## Activity
Omit all pictures. Copy exactly the lines from the line containing "2pcs Rectangular-Shape Glass" to the end of the listing, with both ends included.

## Exercise data
►
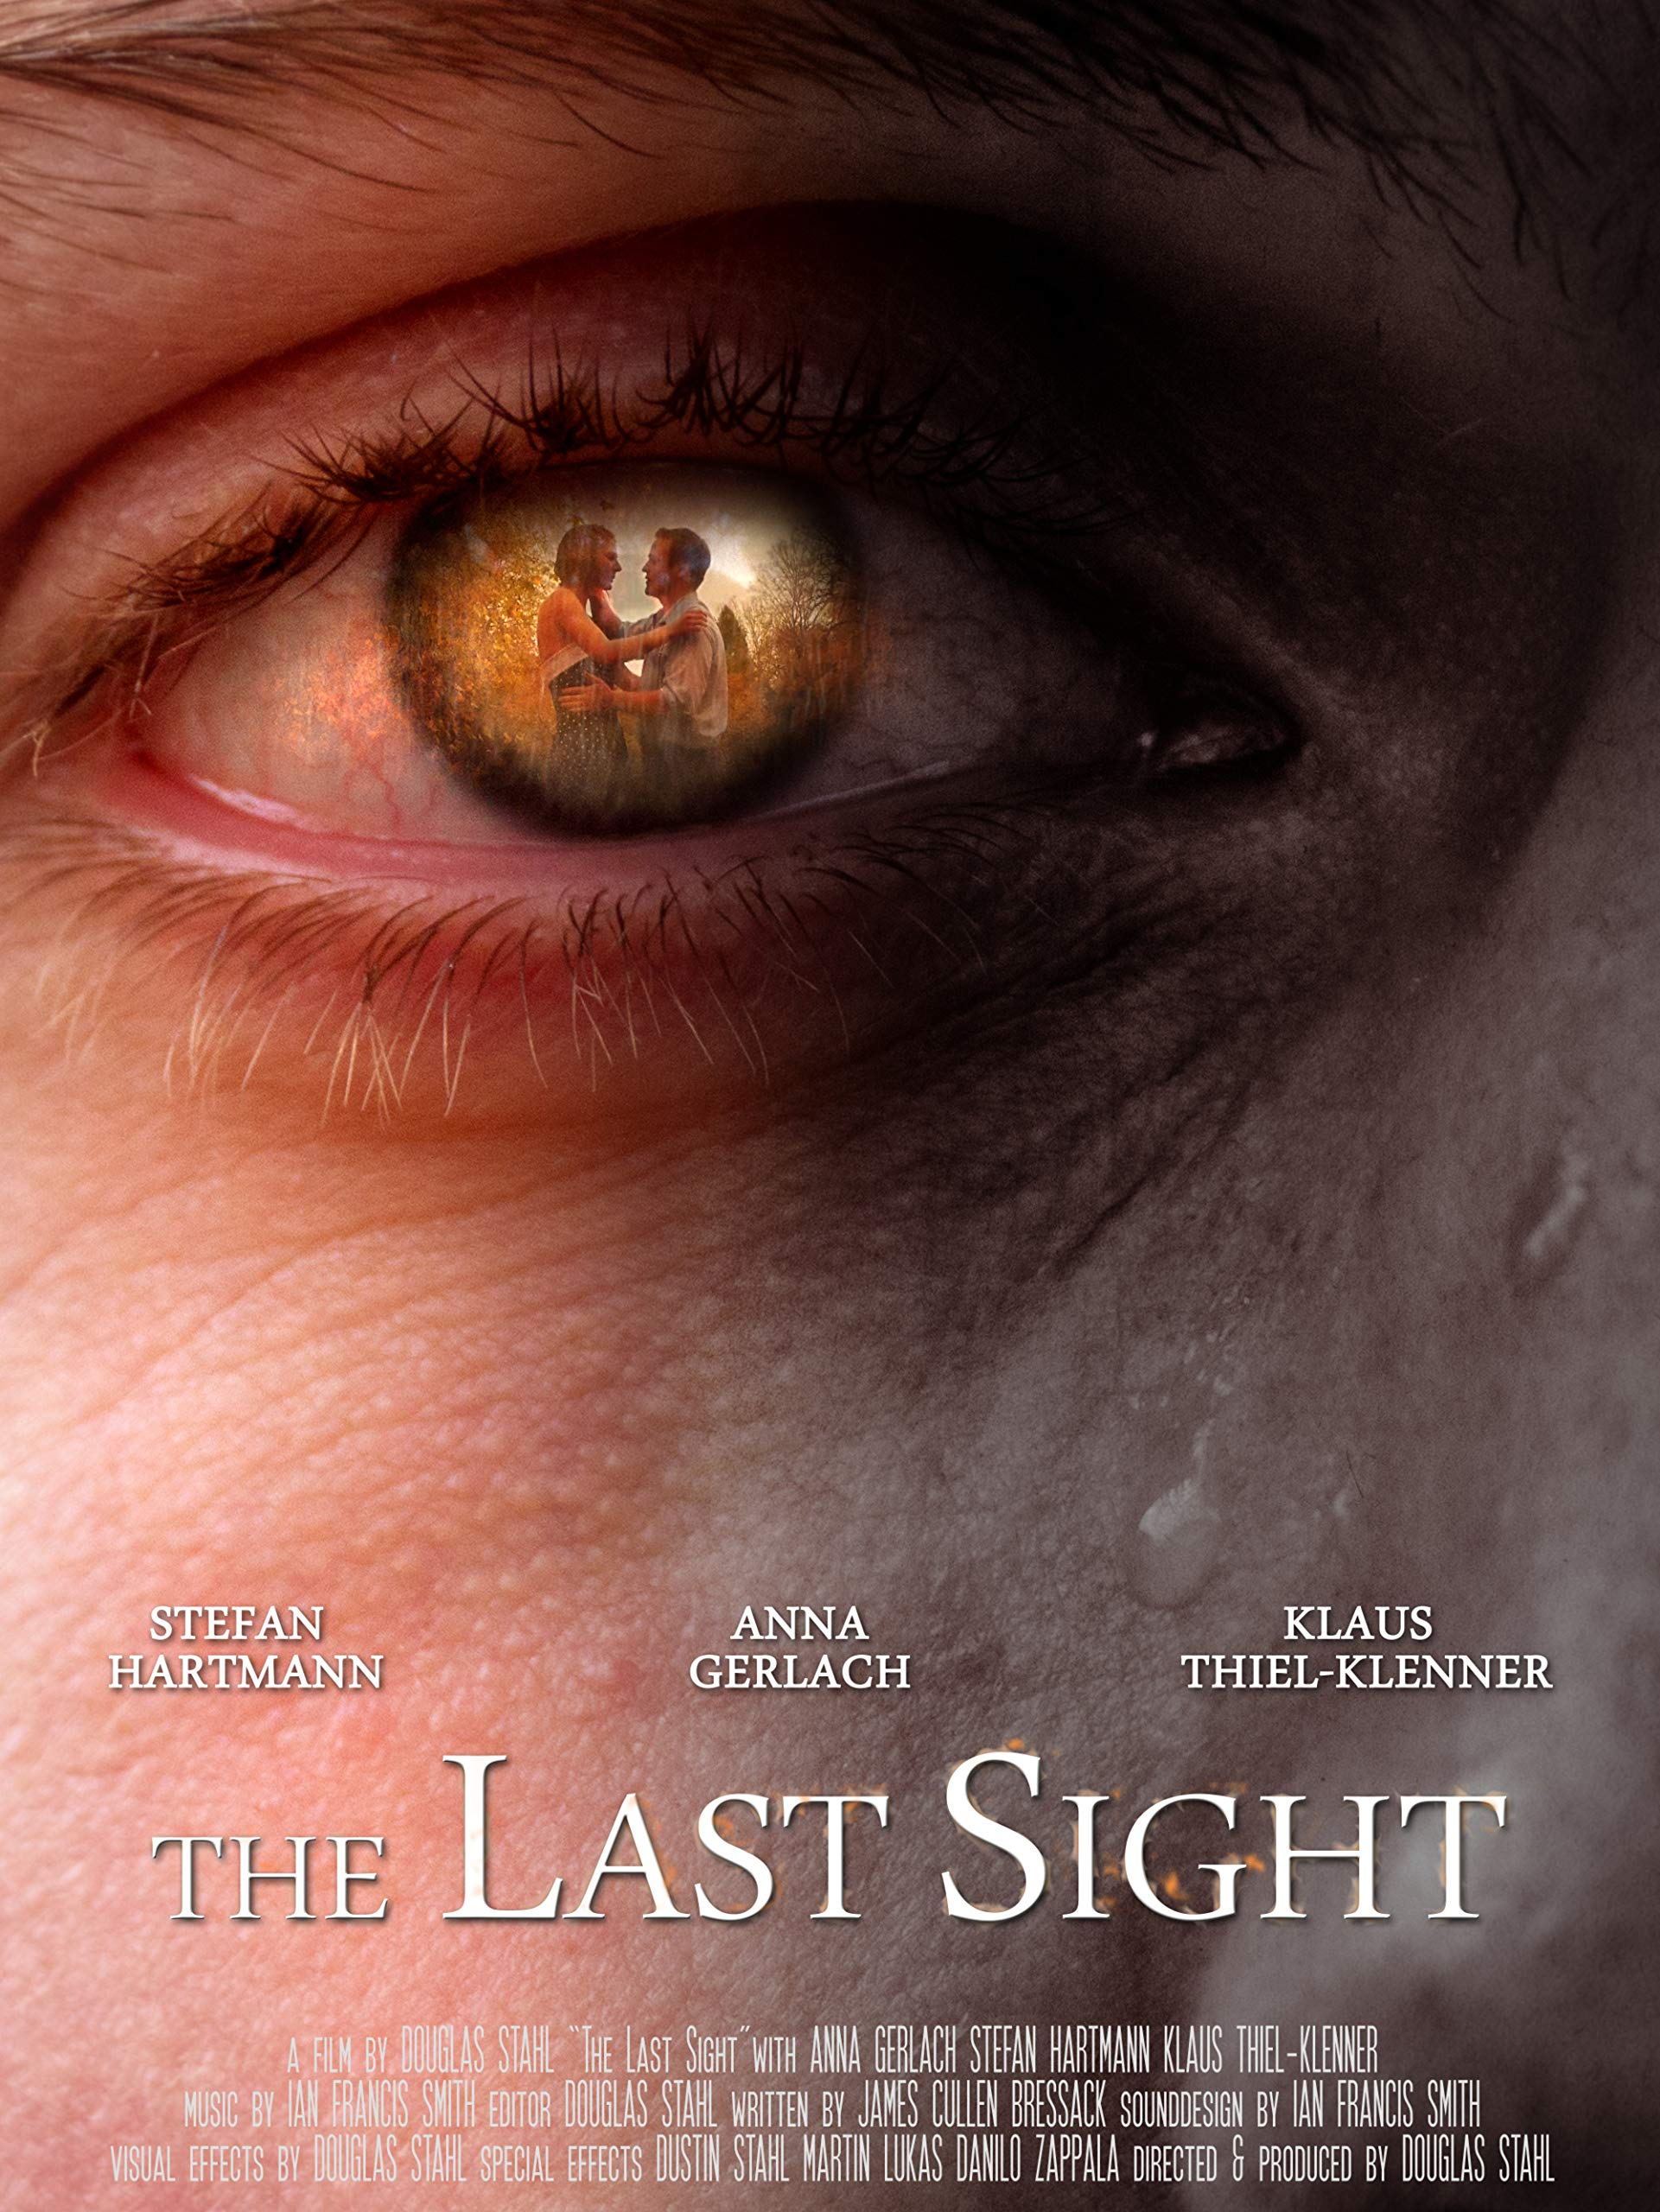 The Last Sight
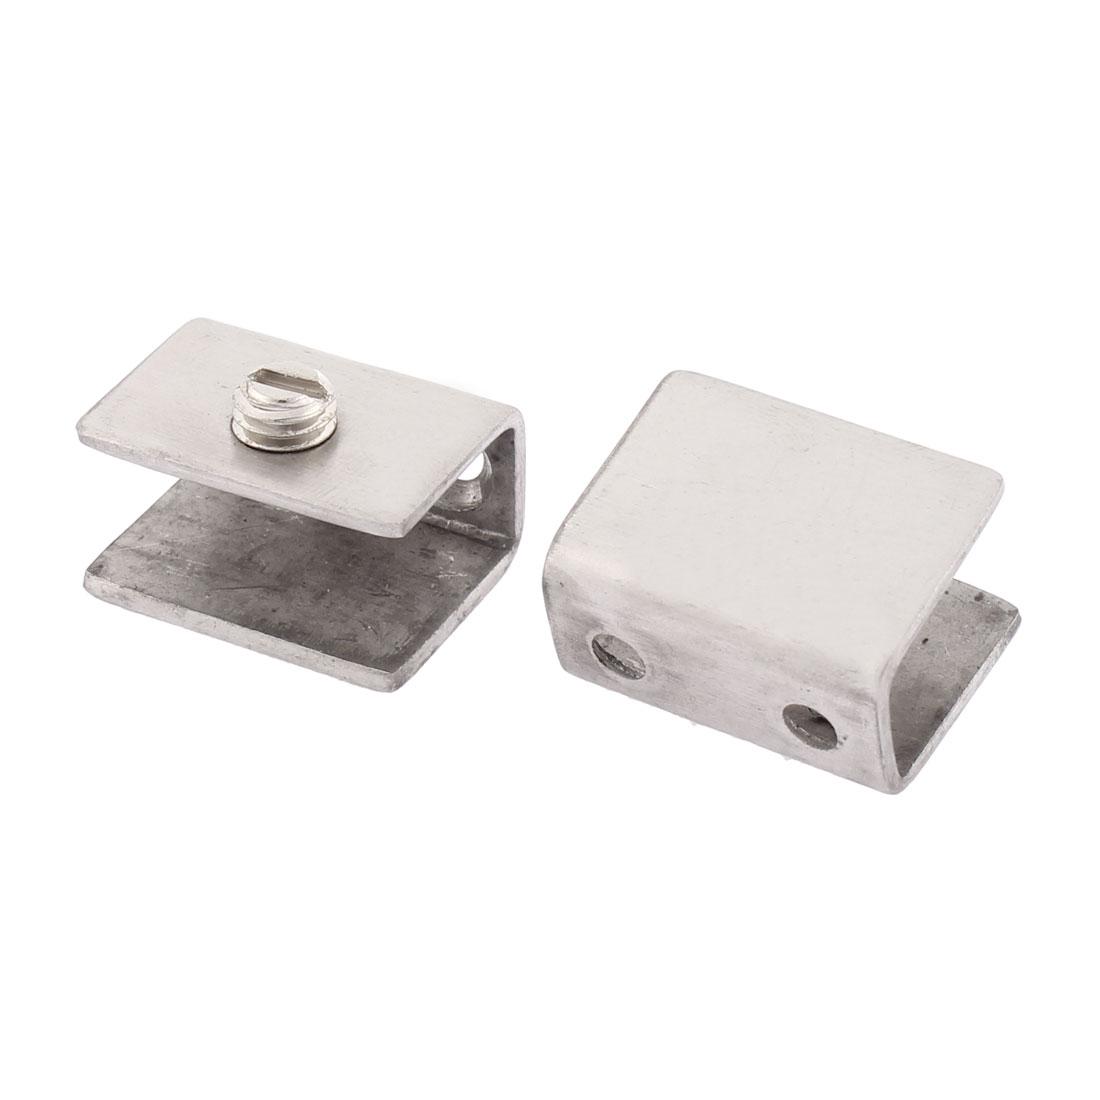 2pcs Rectangular-Shape Glass Shelf Panel Clamp Clip Bracket Holder
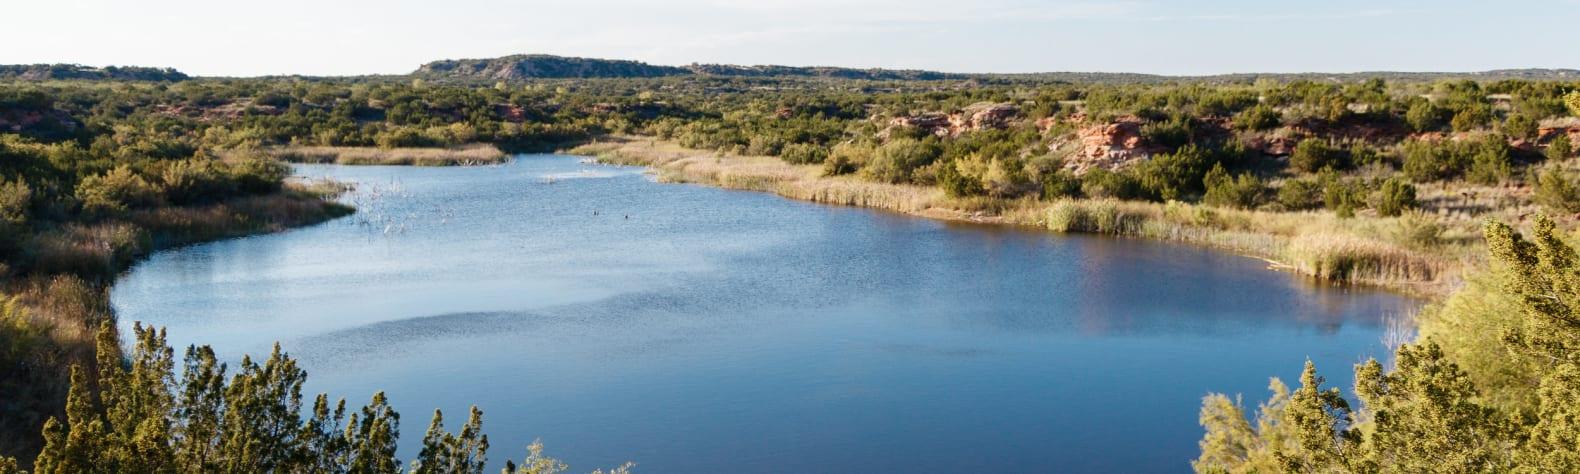 Copper Breaks State Park
◄
## Completed exercise
 2pcs Rectangular-Shape Glass Shelf Panel Clamp Clip Bracket Holder
 Copper Breaks State Park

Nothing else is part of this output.